For the purpose of this discussion, we view the space that we are modeling as the curation and sharing of bibliographic metadata in terms of entities such as titles and authors. The BIBFRAME model provides a convenient set of entities that map well to traditional bibliographic description: Works, Instances (i.e. editions, different formats), Items (physical, identifiable objects), Agents, Subjects, and Events. In practice, metadata about these entities can be exchanged using different mechanisms such as MARC file batch load, publishing BIBFRAME entities on the web, or through schema.org statements. Conceptually, we are looking to create software to help with the curation (and indexing!) of these entities. Crosswalks and mappings to and from different representations will be required to support different use cases, but we are not in most of this document making assumptions about how the data might be stored and managed.
When thinking about the bibliographic ecosystem – and in particular a move towards a linked data ecosystem where maximum re-use of once-published entities is desirable (as opposed to each library copying and re-publishing all of the same bibliographic statements) – it is tempting to seek an ordered universe of actors with discretely scoped responsibilities:
In such a model, national libraries might be responsible for cataloging their national bibliography (all original publications in that country), while libraries might fill in the gaps through original cataloging and consortia might serve to aggregate and consolidate metadata across member libraries.

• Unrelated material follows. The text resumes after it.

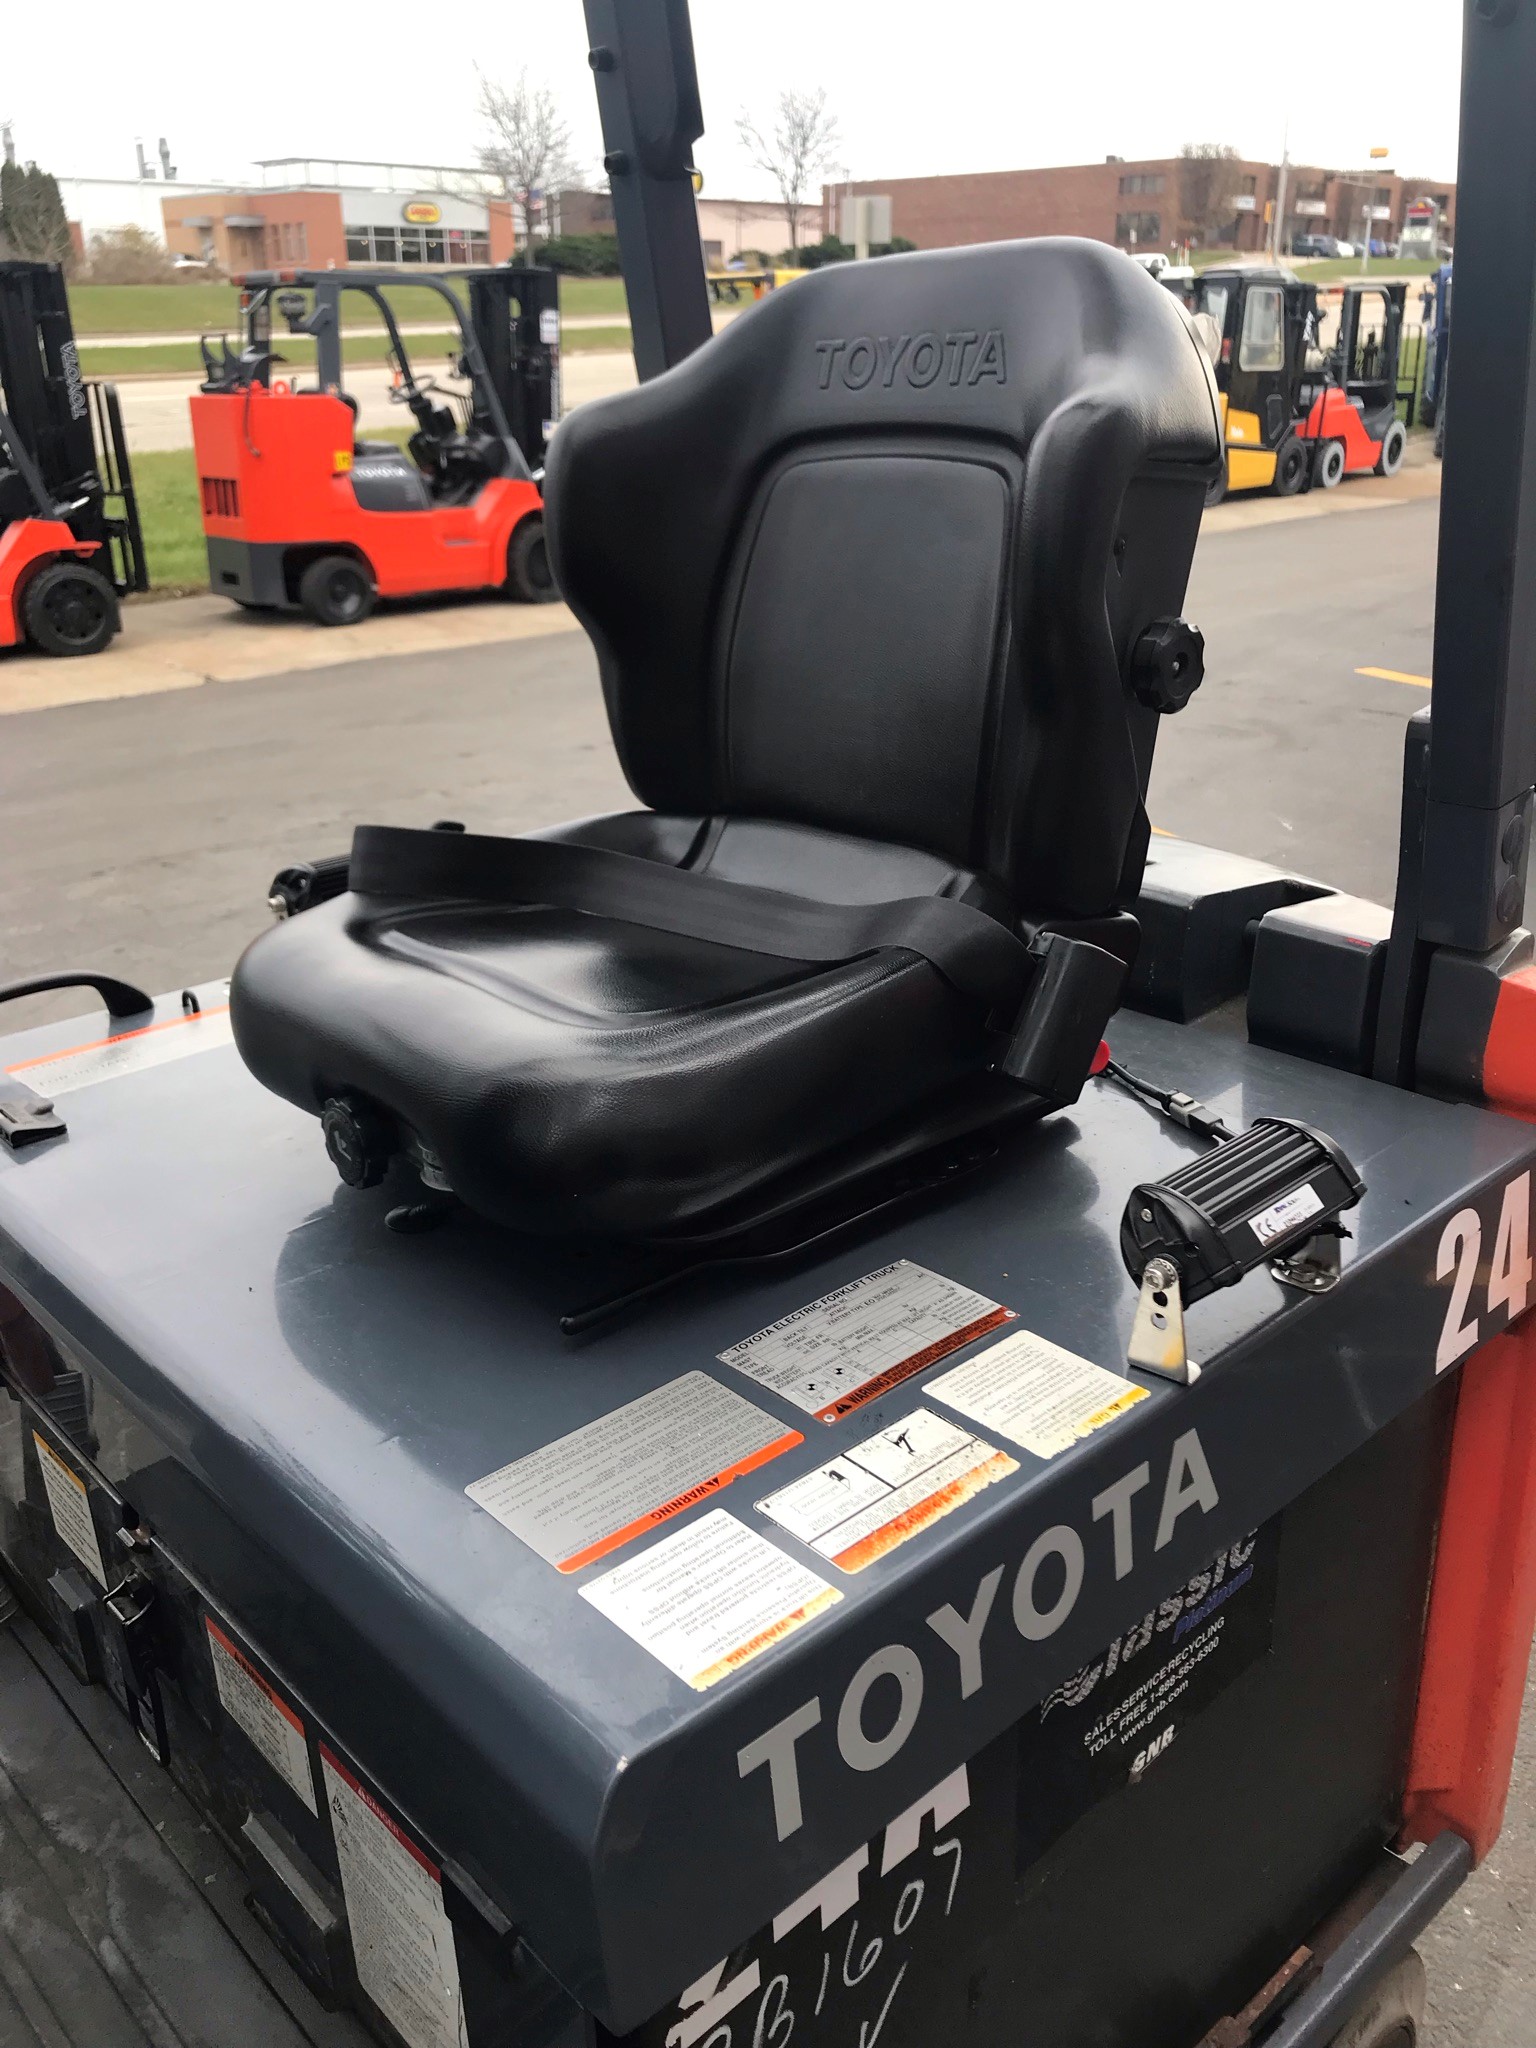 Orange 2015 toyota forklift with 5,000lb capacity for sale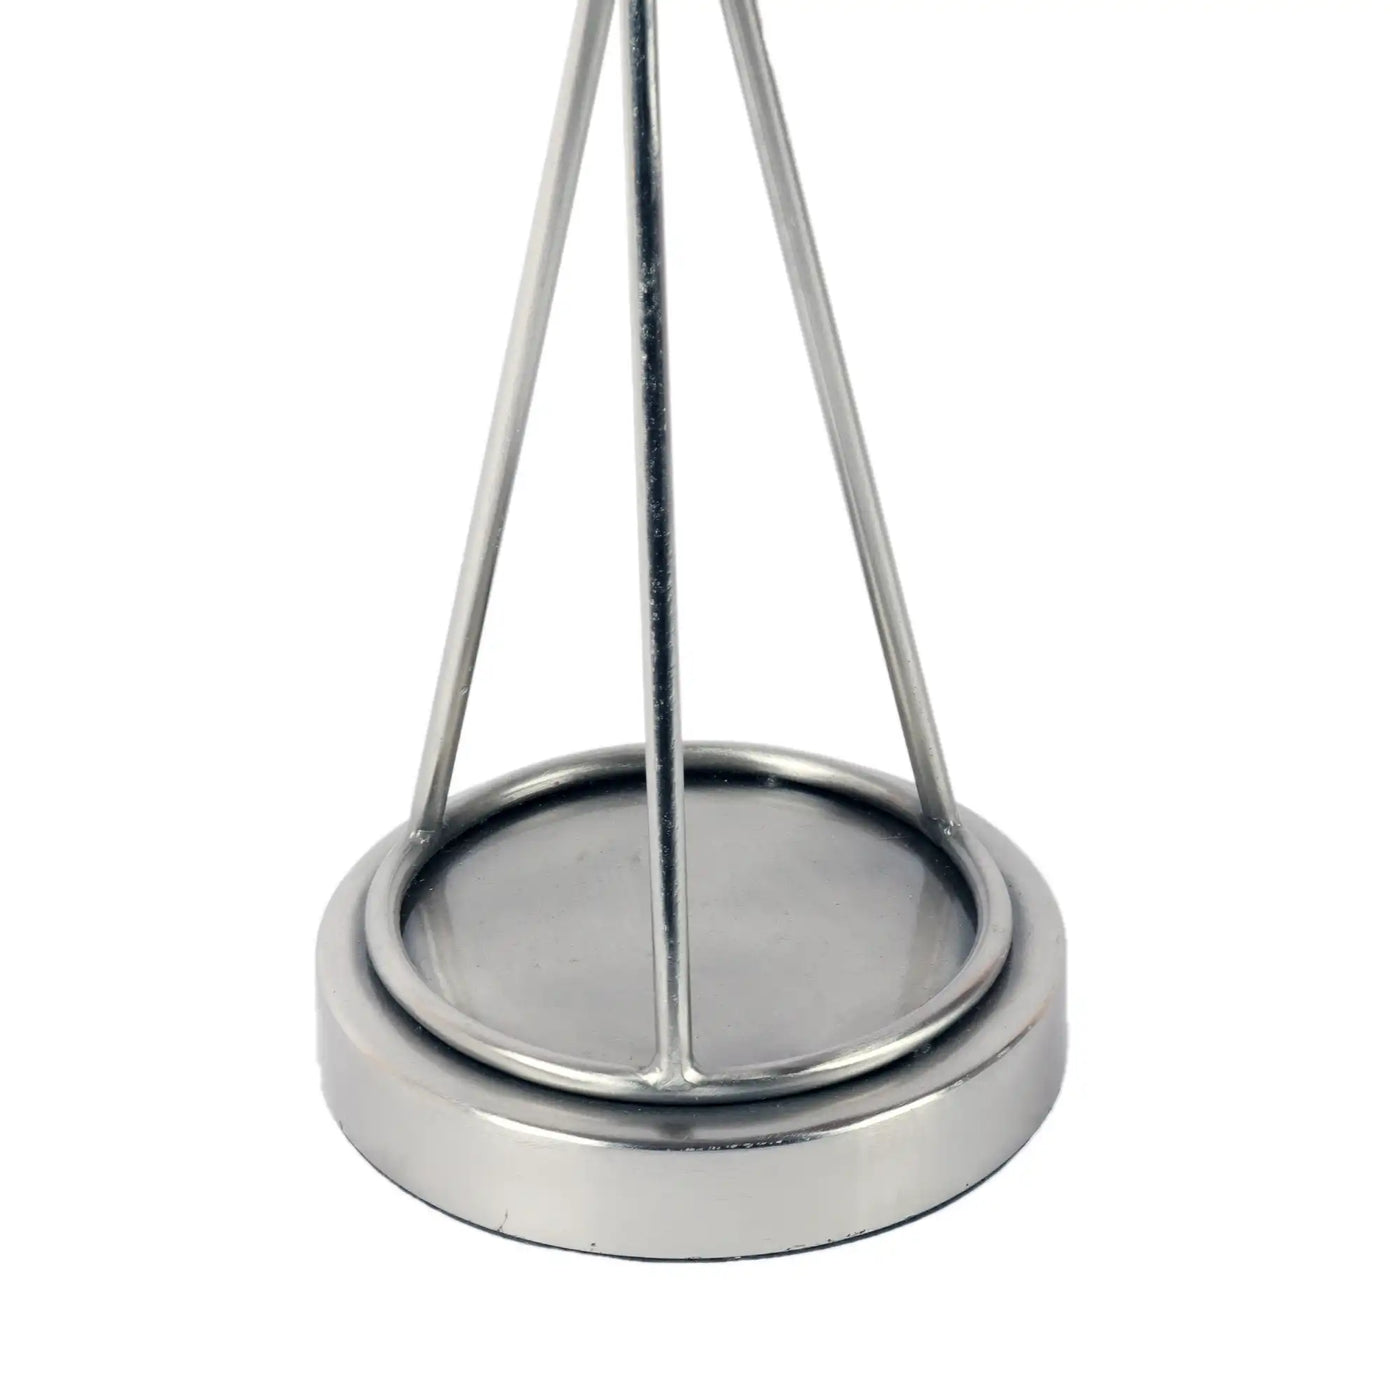 "Sybil's Orb" Silver Table Lamp in Pewter Finish 73-224-51-1

In a perfectly organized universe, no title would be redundantly (copy) cataloged, and everyone would share the same universe of bibliographic metadata, with clear responsibilities and chains of provenance for individual bibliographic statements. Holdings information might be aggregated at any level, i.e. consortia might wish to aggregate detailed holdings information about member libraries. National or international utilities and agencies might choose to focus on metadata and not address holdings information.
In the real world, though, such a state is practically unattainable, and the path towards even a partial realization is unclear:
- Different national libraries have vastly different mandates and resources and organizations are rarely limited to a single role or a single set of clearly defined relationships.
- National and state libraries are working libraries, as well as serving the role of utilities for other libraries.
- Libraries frequently belong to more than one consortium.
The potential for confusion and inefficiency is high, especially since today these roles are poorly defined and existing software systems do not support them well.
However, we believe that it is possible to create a set of software and services that can support the concrete needs of today, while also carving an easier path towards a more efficient organization of the work of curating our bibliographic universe.
Bibliographic Ecosystem as a Network
As suggested above, a simple hierarchical, tree-structured view of the library universe breaks down because libraries often play more than one role. We propose to model the ecosystem instead as a set of nodes in a graph or network, with each node corresponding to a library or organization, and the edges corresponding to relationships between libraries determined by functional roles. We propose the following as a starting point for a set of roles germane to the collective maintenance of bibliographic metadata:
- Contribute: A library (or other organization) engages in original cataloging, creating new entities when suitable ones cannot be identified in the network.
- Aggregate: An organization gathers together metadata from other organizations. Aggregation is the complementary operation to syndication (described below). The aggregation function includes disambiguation, i.e. an attempt to resolve matching/overlapping entities.
- Index: An organization creates an index of metadata that it has contributed and/or aggregated. Optionally, an index may be made available to others for re-use.
- Publish: An organization publishes bibliographic entities that it has contributed or aggregated. For example, a consortium may publish the combined holdings of its member libraries. Publishing implies potentially minting new permanent identities (URIs) and should be done with care and in concert with local and national partner libraries.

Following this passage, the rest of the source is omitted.